4 August 2022

Threat actors exploit Atlassian Confluence bug to install a never-before-seen backdoor


Threat actors exploit Atlassian Confluence bug to install a never-before-seen backdoor

Analysts from the DeepWatch threat intelligence team have discovered a malicious campaign, which has “highly likely” exploited a vulnerability in Atlassian Confluence Server software.

The bug suspected to have been exploited is CVE-2022-26134, a remote code execution flaw affecting out-of-date versions of Confluence Server and Data Center, which stems from improper input validation when processing OGNL expressions.

“Organizations that conduct research in healthcare, education, international development, and environmental and agriculture, as well as provide technical services are likely targets of this threat actor,” the report noted.

In the observed campaign a threat actor, which DeepWatch tracks as TAC-040, appears to have exploited CVE-2022-26134 in an Atlassian Confluence server to execute malicious commands with a parent process of tomcat9.exe in Atlassian’s Confluence directory.

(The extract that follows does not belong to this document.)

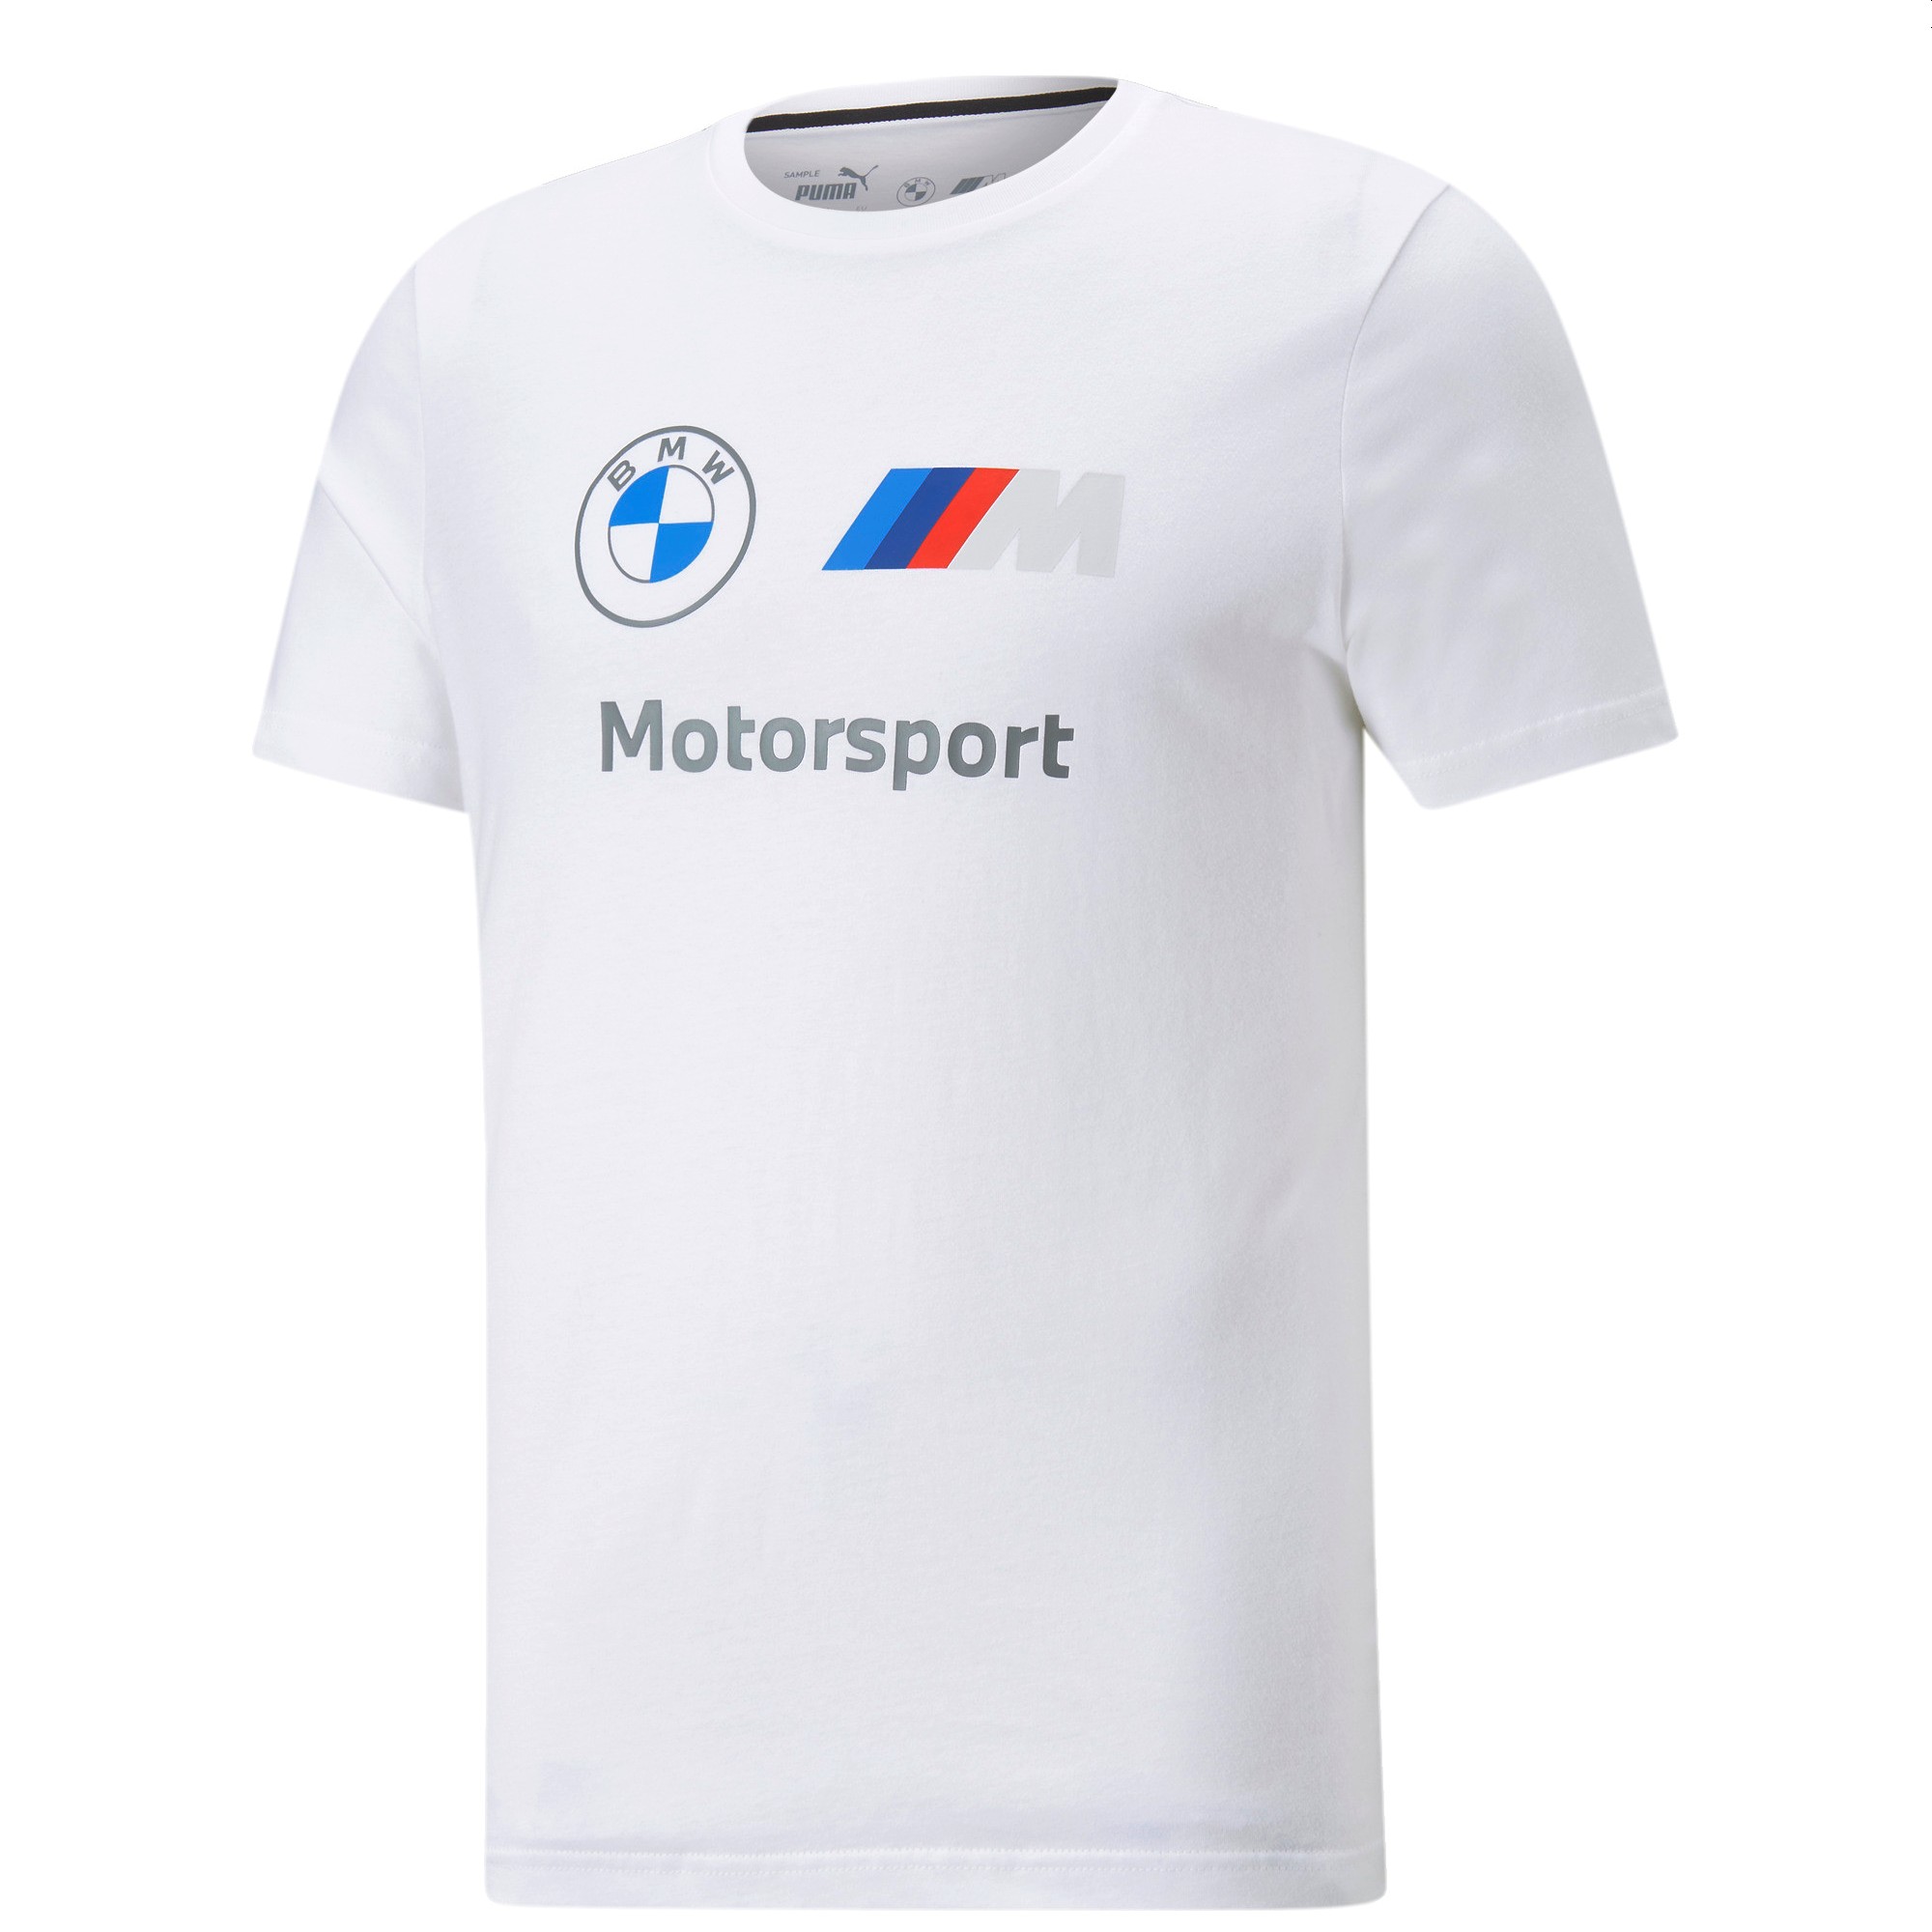 BMW Motorsport - Fshop1 - Magazin F1™ București RO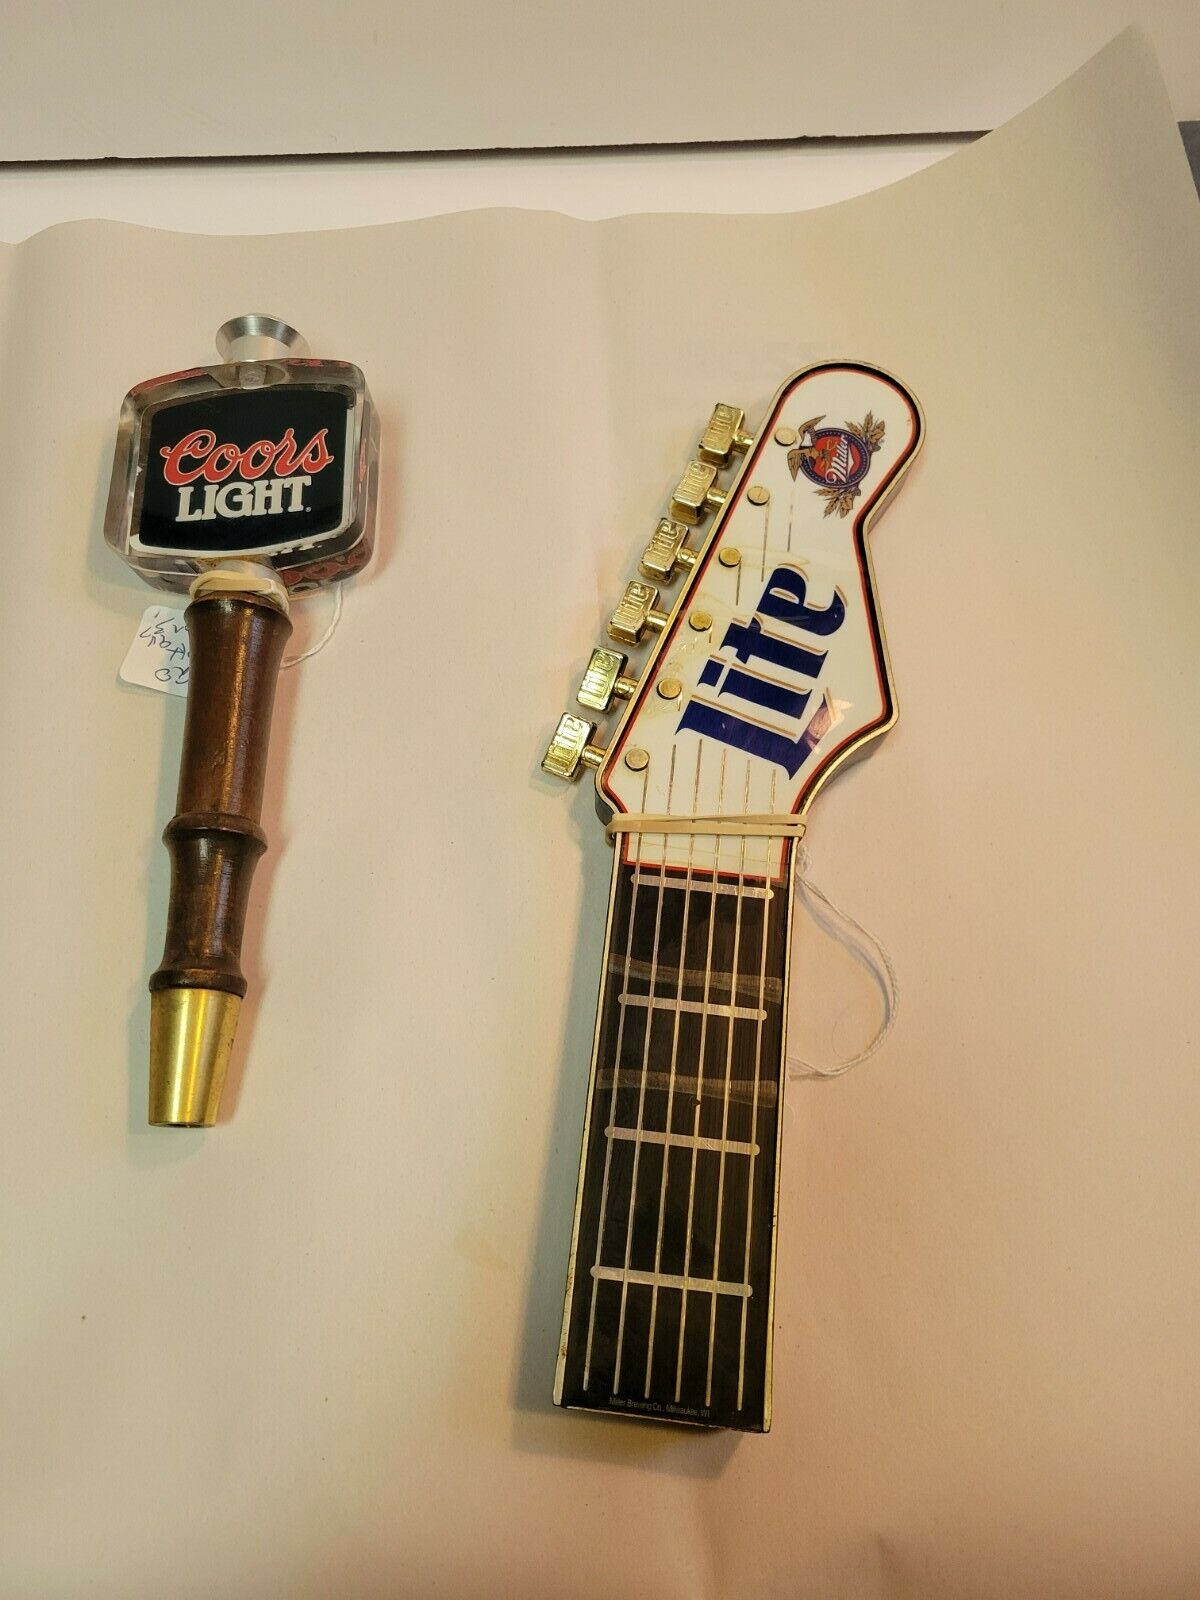  1 Coors Light and 1 Miller Lite Guitar beer tap handles

The attackers then run various commands to enumerate the local system, network, and Active Directory environment and archived files and folders from multiple directories using the RAR and 7zip archiver utilities. DeepWatch says the hackers have managed to steal around 700MBs of archived data before the compromised server has been taken offline by the victim.

The attackers have also planted a previously undocumented backdoor, dubbed “Ljl Backdoor,” onto the compromised server. The backdoor has multiple capabilities, such as the ability to act as a reverse proxy, determine whether the target is active or idle, exfiltrate files, load additional plugins, collect victim system and geographic information (asn, isp, country name, country code, region name, etc.).

The researchers believe that the goal of this campaign was cyber-espionage, but they said they can’t completely rule out the possibility that the attackers were financially motivated.